Beyond the GCC, further trade links with countries including the US and China are increasing. For example, we have witnessed volumes from the US increase by between 100% and 200%. The purchasing power of customers in Saudi Arabia is of great importance, and the use of online platforms has drawn shipments to Saudi Arabia. Customers now expect a product from the US to reach their door in three to seven days, depending on the nature of the commodity.
Regulations in general need to be tailored to today’s consumer demands. While the internet allows for borderless shopping, there is a gap in understanding regarding the nature and quantities of commodities permitted, and the relevant paperwork required for each shipment to facilitate cross-border clearance. This puts pressure on shipping companies to educate customers about what can and cannot be shipped to the region or the country.
How can you explain the slow development of e-commerce across the Gulf?
ELHAJJAMI: Though slow to develop at first, e-commerce is now exploding at a phenomenal rate, which is largely due to the Kingdom’s changing demographics. Over the last decade a large number of young Saudis have returned to Saudi Arabia from the US and Europe, and a large number continue to come back, having completed their education abroad.
In contrast, young people from Africa and Asia that travel to Europe and the US to study often remain there. When Saudis return, they come back with knowledge, know-how, technology and high-quality service. This translates into the huge growth we are now seeing in e-commerce, but I am not sure that the shipping and logistics industry has been prepared properly for this level of growth. Residential addresses in the Kingdom are unstructured in a way that makes it very challenging for parcel delivery, which adds cost to the shipment and delays transit time. Customs clearance and regulation, as well as the burden of security, are also areas where growth in e-commerce will put pressure on the system as volumes continue to increase.

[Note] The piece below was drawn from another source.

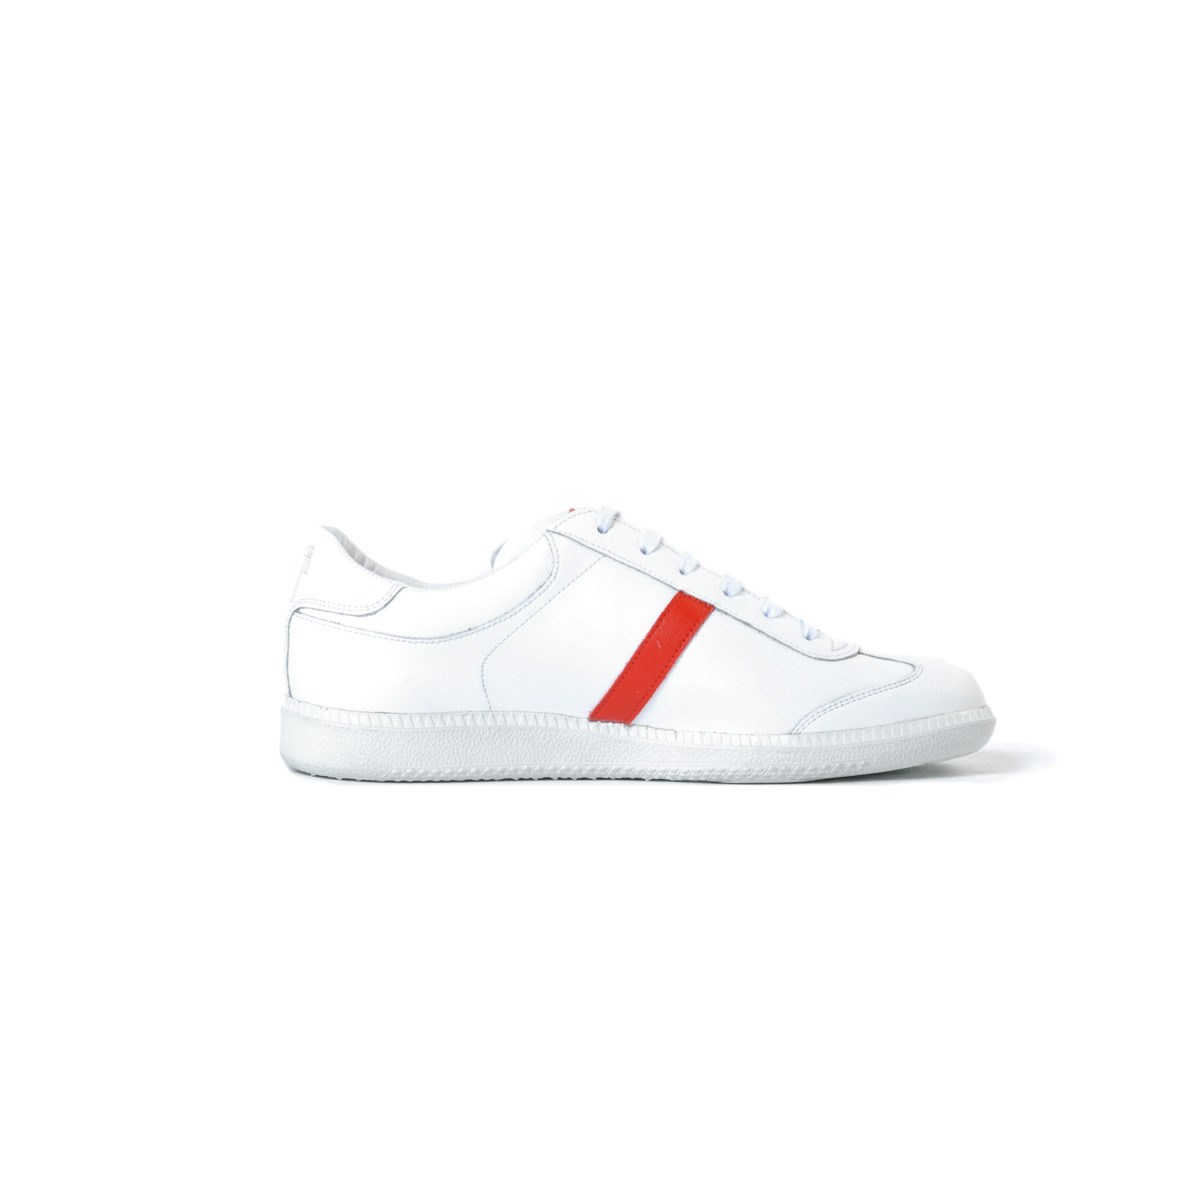 Tisza shoes-Compakt-White-classic

Where might private sector participation assist in developing the Kingdom’s logistics capabilities?
ELHAJJAMI: There are significant and diverse opportunities for private sector participation in developing the Kingdom’s economy. In logistics and shipping, aviation stands out as an area that is primed for expansion. It used to be that for us, goods were all shipped to Bahrain and then sent by truck to their destination in Saudi Arabia. Now, however, they are shipped by cargo plane to regional airports across the Kingdom. This is a much more efficient method, and the change will need to be applied to the shipping model as volume increases. In addition, the road network is in need of some work, especially the causeway connecting Bahrain and Saudi Arabia. Improvements to infrastructure should also encourage more investment, and will be a key factor in achieving the vision laid out by Prince Mohammed bin Salman Al Saud.